▸ Activity
From the line that holds "5.7 Popis zadního" down to the last line of the listing below, reproduce each line exactly and nothing more, omitting pictures.

▸ Provided material
——
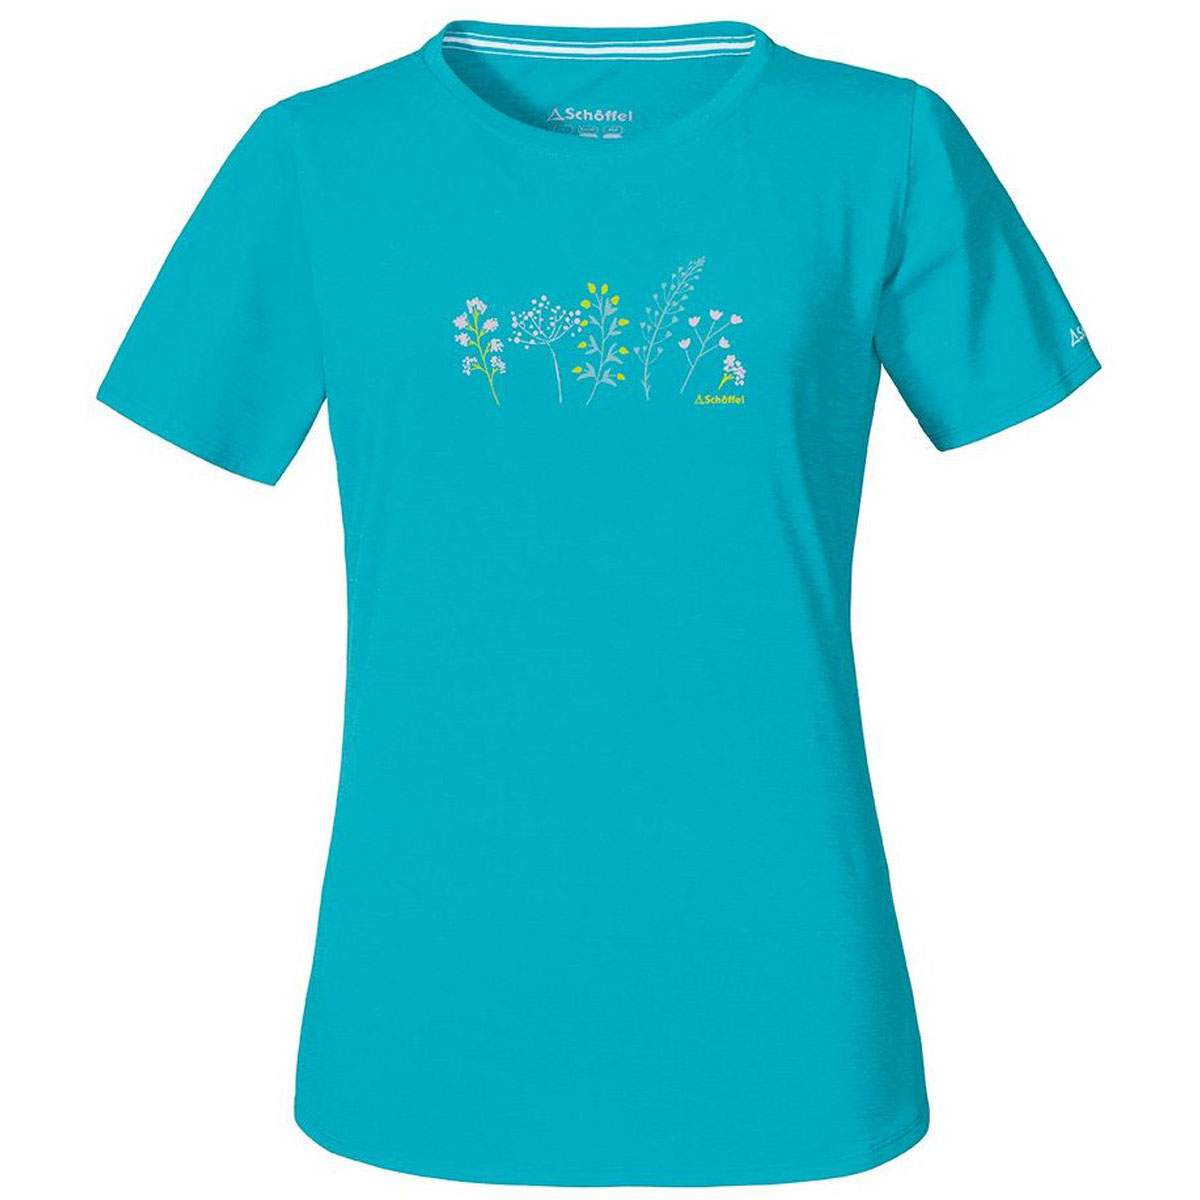 Schöffel T Shirt Swakopmund Damenshirt Freizeitshirt Sportshirt Funktionsshirt 
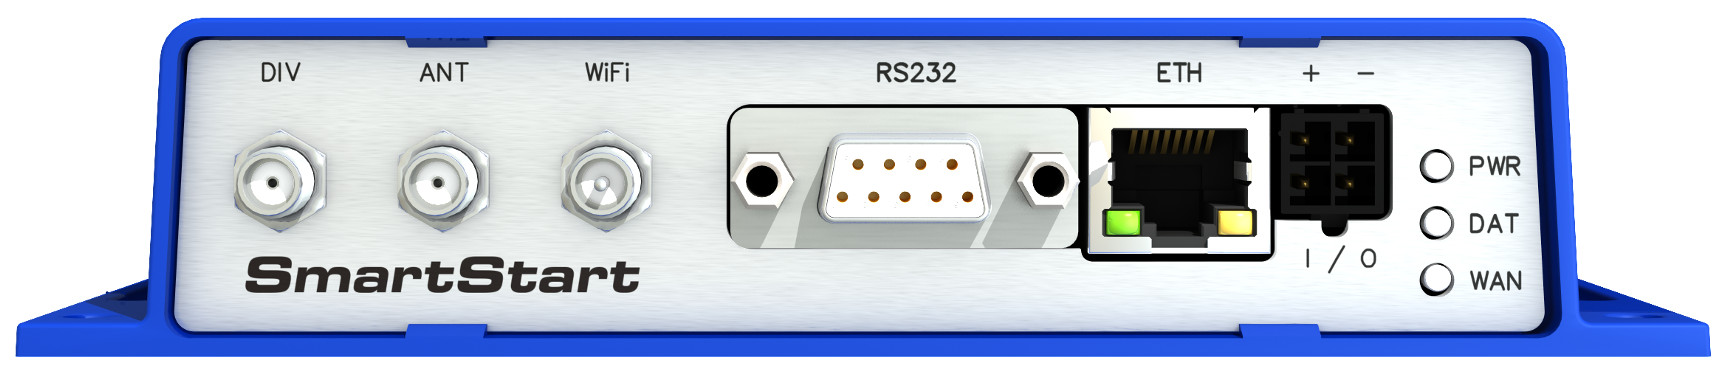 5.7 Popis zadního panelu Na zadním panelu jsou k dispozici dvě čtečky SIM karet (SIM1, SIM2) a tlačítko RST pro obnovení výchozí konfigurace a následný restart routeru. 5.
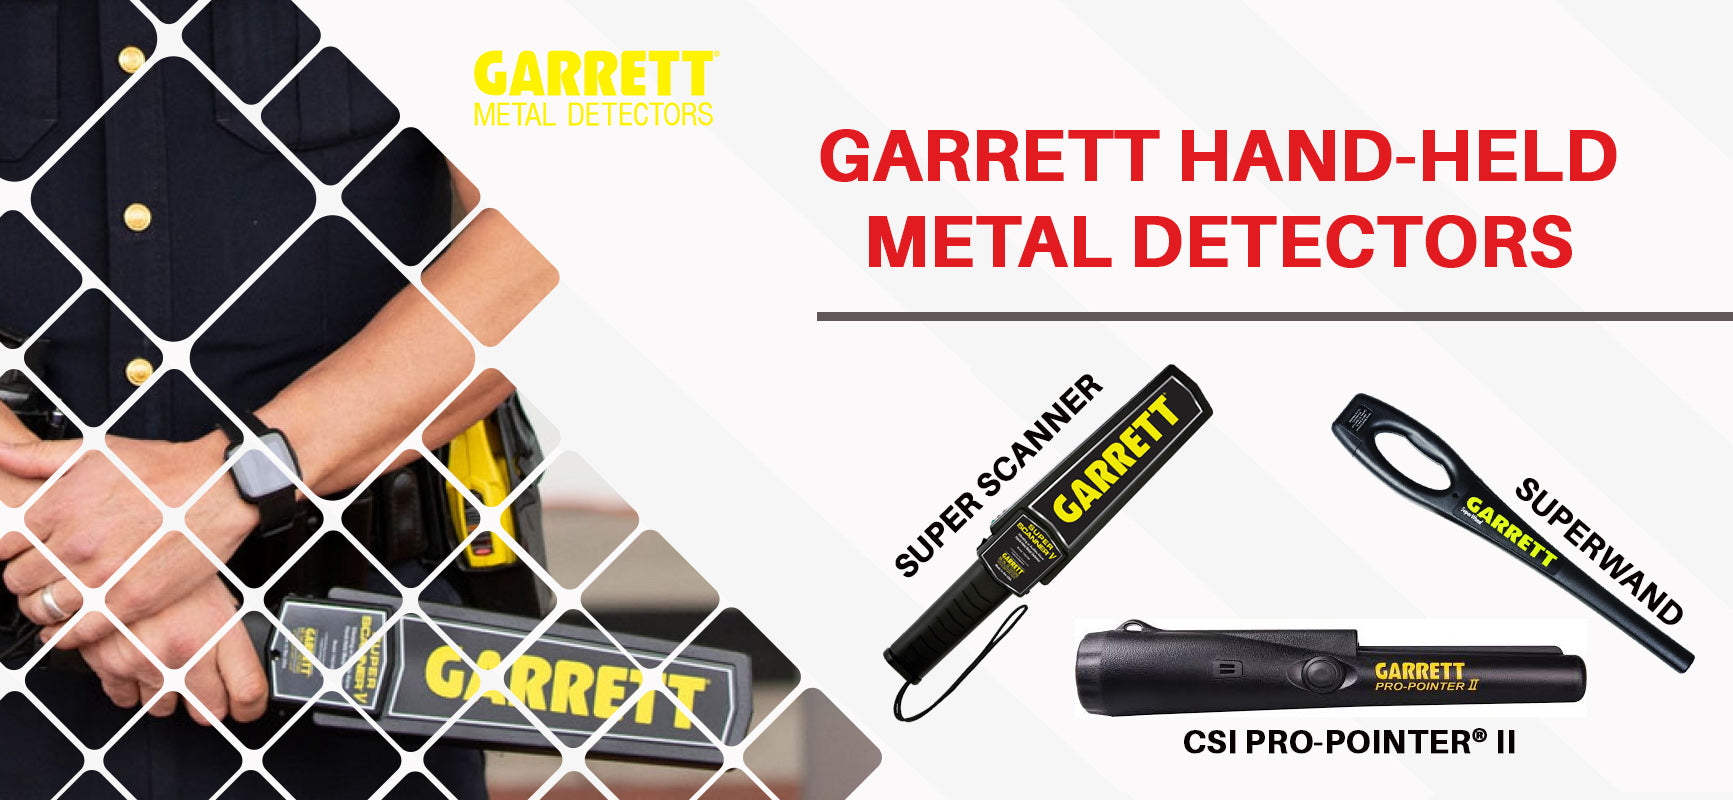 GARRETT Super Scanner V Détecteur de métaux portatif professionnel
——
▸ Problem solution
 5.7 Popis zadního panelu Na zadním panelu jsou k dispozici dvě čtečky SIM karet (SIM1, SIM2) a tlačítko RST pro obnovení výchozí konfigurace a následný restart routeru. 5.
 GARRETT Super Scanner V Détecteur de métaux portatif professionnel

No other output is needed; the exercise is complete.